# How much pure yiddish do you understand?



## gevenamolalandaziseafaine

Of course you won't get all the Polish, Romanian and Upper German from the Middle Ages but what about it's Semitic part? 

Can you say Rakhmunes for sorry or Ponim for the face?
are the antisemites the soyne yizorel? do you expect them to take the "mize meshine"? Is Israel known as "the little medine"?
do you understand such verbs as "mamshekh", "mekane" or "maskem"?
do you use expressions as "khas vesholem", "kholile", "mekhteyse", "m'zeyt" or "a makhaye"?
do you understand them?
do you understand the connectives like "hagam", "tomer" or "makhmes"?
would you have used "bikhlal" for "in general" or "bifret" for "concretely"?

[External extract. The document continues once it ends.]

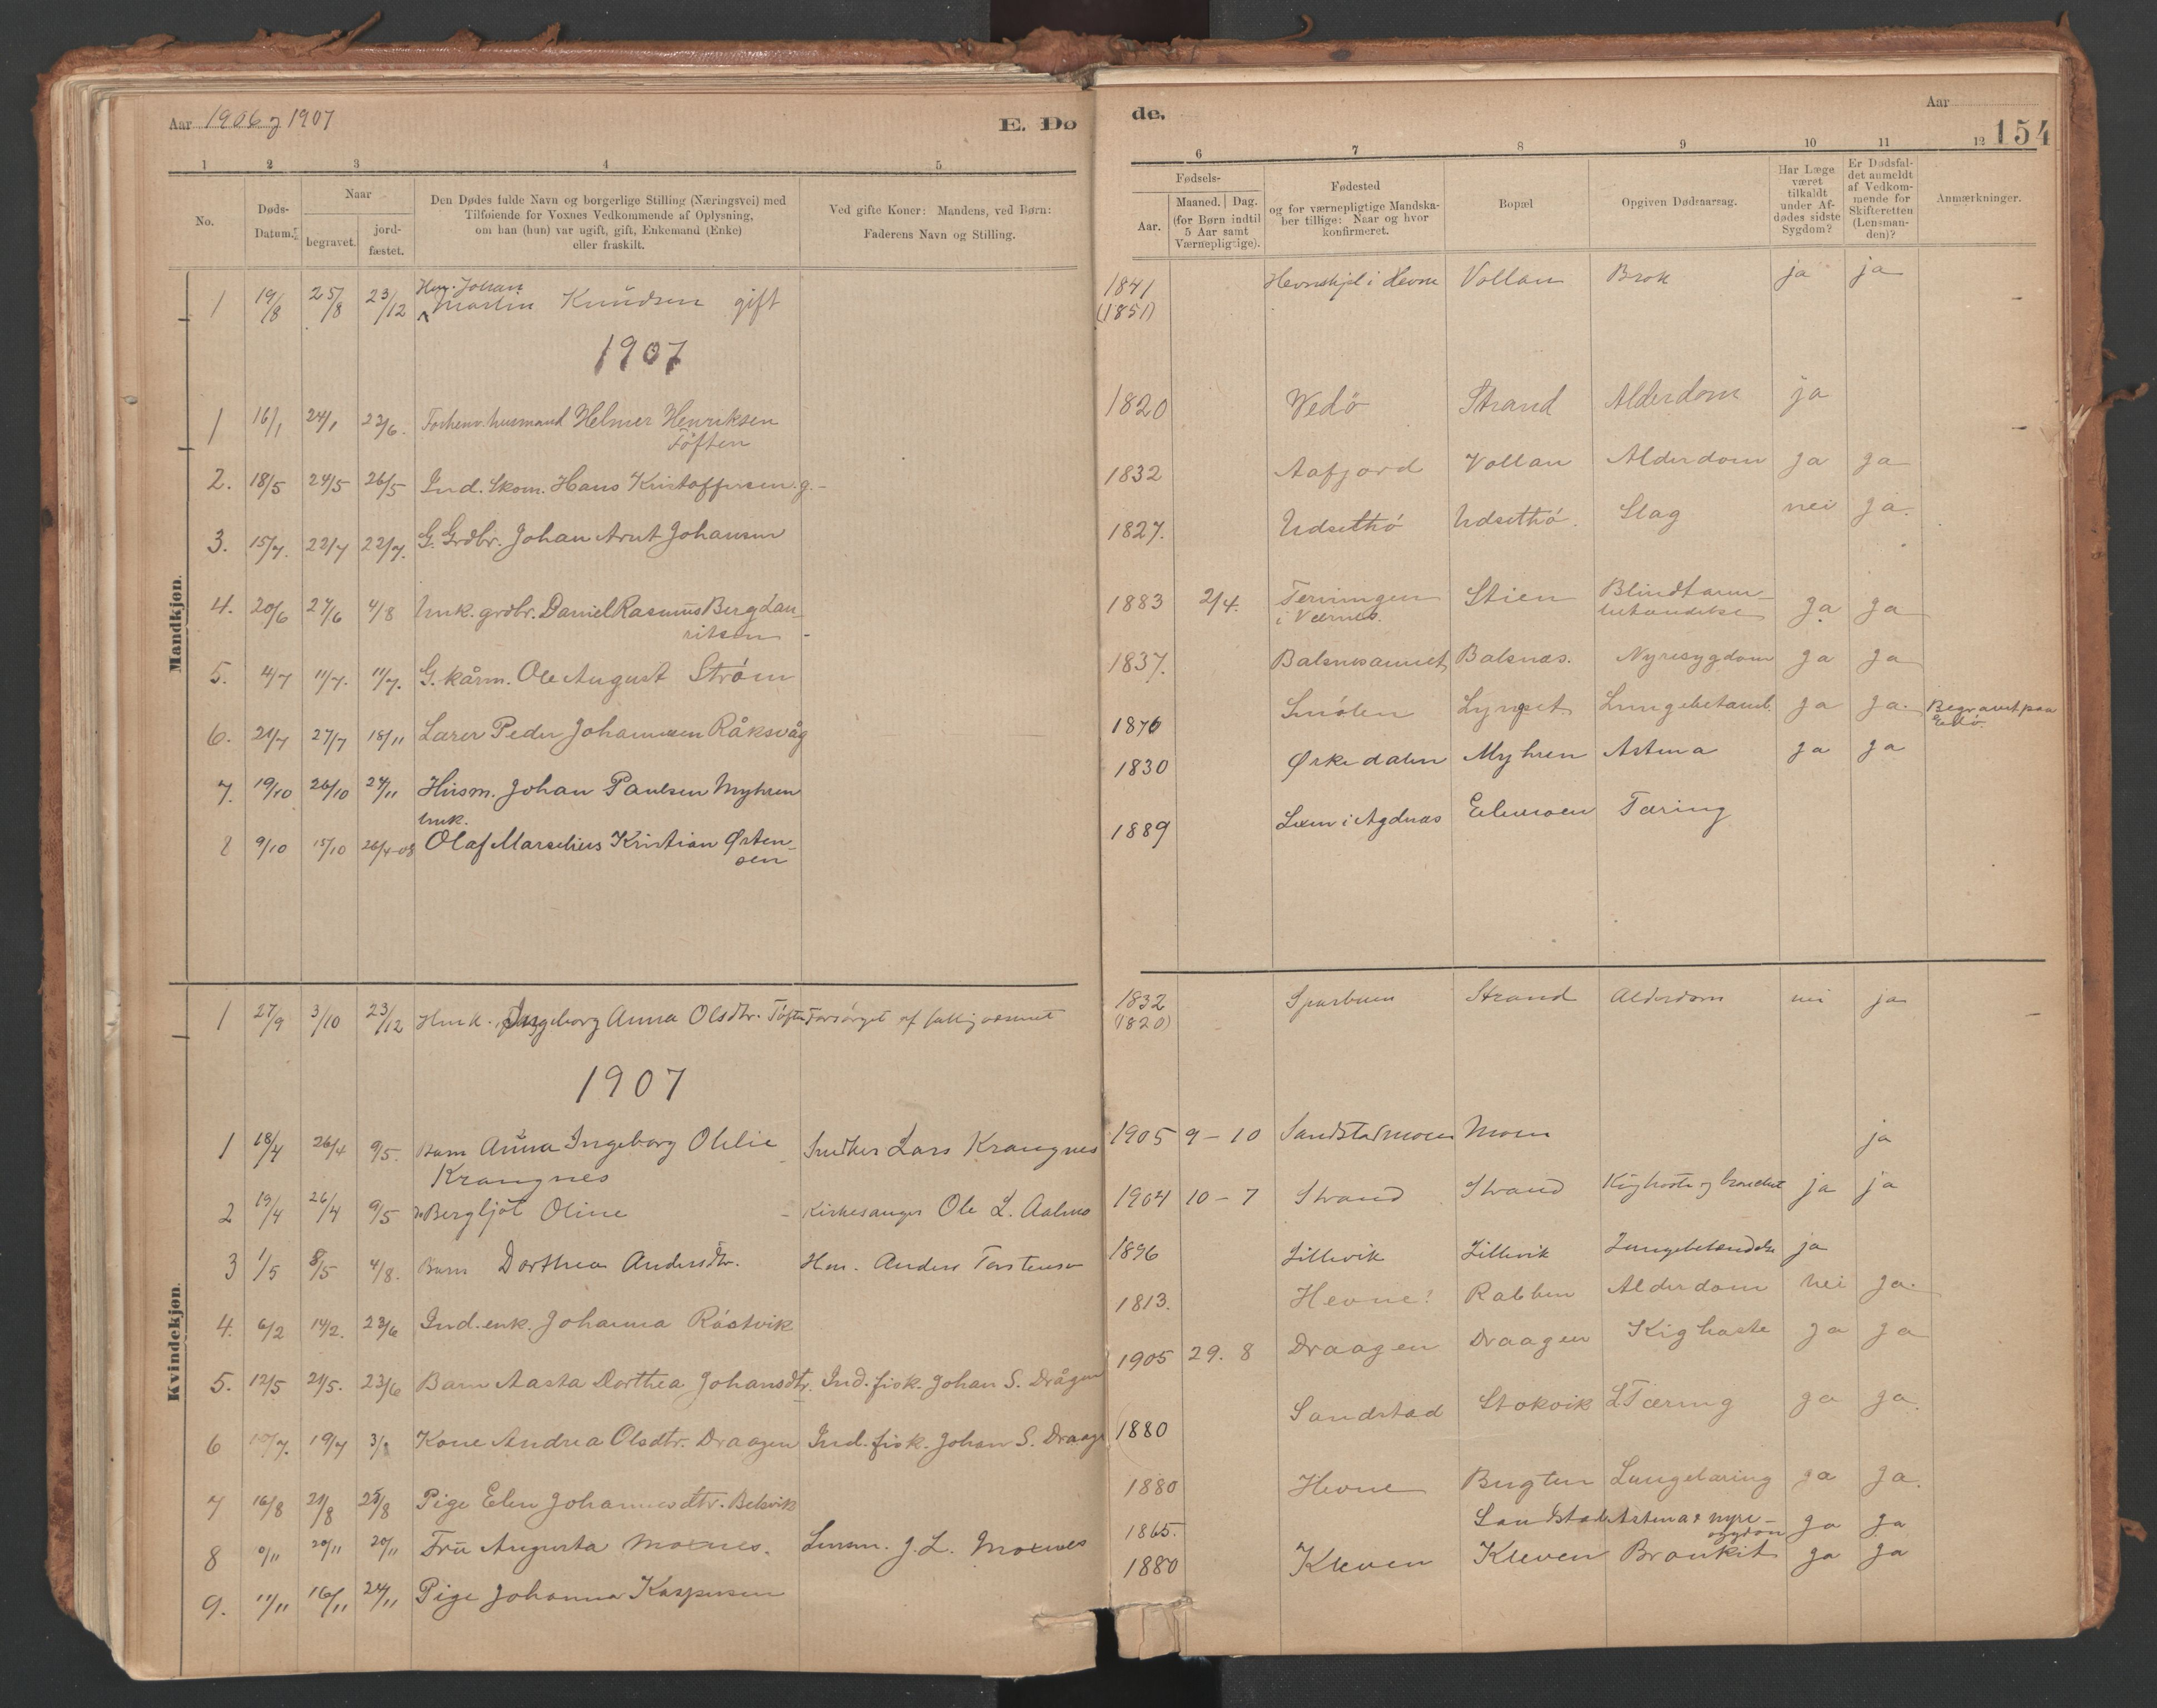 SAT, Ministerialprotokoller, klokkerbøker og fødselsregistre - Sør-Trøndelag, 639/L0572: Ministerialbok nr. 639A01, 1890-1920, s. 154

If so is this still considered the high style that it used to be in yiddish?


----------



## arielipi

Everything that is taken from hebrew can be understood and all the rest depends on knowledge, all the questions about using, some do some not.
the last q should be asked to yiddish natives or speakers


----------



## Yaella

It sometimes takes some thinking and application of algorithms to find out the Hebrew word matching the Yiddish one.
_Rakhmunes _would relate to _rah'amim_ (mercy) but you wouldn't use it to excuse yourself (_sorry _is usually translated as _slih'a_).
_Ponim _is yiddish version of the word _panim _(this is what I call algorithm application: some types of "a" sounds in modern hebrew become / were "o" sounds in Yiddish) in the same way as "_khas vesholem_" and "_kholile_" would be said "_h'as veshalom_" and "_h'alila_".
There may be some historical changes or sociological divides, but when I used to live in Israel, anything linked to Yiddish would not be considered as high style. _Galuti _was a despictive expression.


----------



## David S

I'm interested in whether Israelis understand religious Yiddish terms that are NOT from Hebrew, for example:

shul (beit kneset)
daven (lhitpalel)
bentsch (birkat hamazon)
yahrzeit (? )
schuckle (? )
glatt (chalak)
gebrokts (sheruya?)
dreidel (sevivon)
hamantaschen (oznei Haman)
cholent (chamin)
gefilte fisch ( ? )
negelwasser (netilat yadaim)
frum (chasid / dati)

And then there are Hebrew-based Yiddish words that aren't grammatically correct in Hebrew: shabbosim, talleisim, brissim being the plural for shabbos, tallis, and bris.


----------



## arielipi

why would we? do you understand terms that are not from english, lets say zulu?
and to some yes.


----------



## David S

arielipi said:


> why would we? do you understand terms that are not from english, lets say zulu?
> and to some yes.



Since half the Jews in Israel are of Ashkenazi descent, I would think that Yiddish would have some influence on Modern Hebrew.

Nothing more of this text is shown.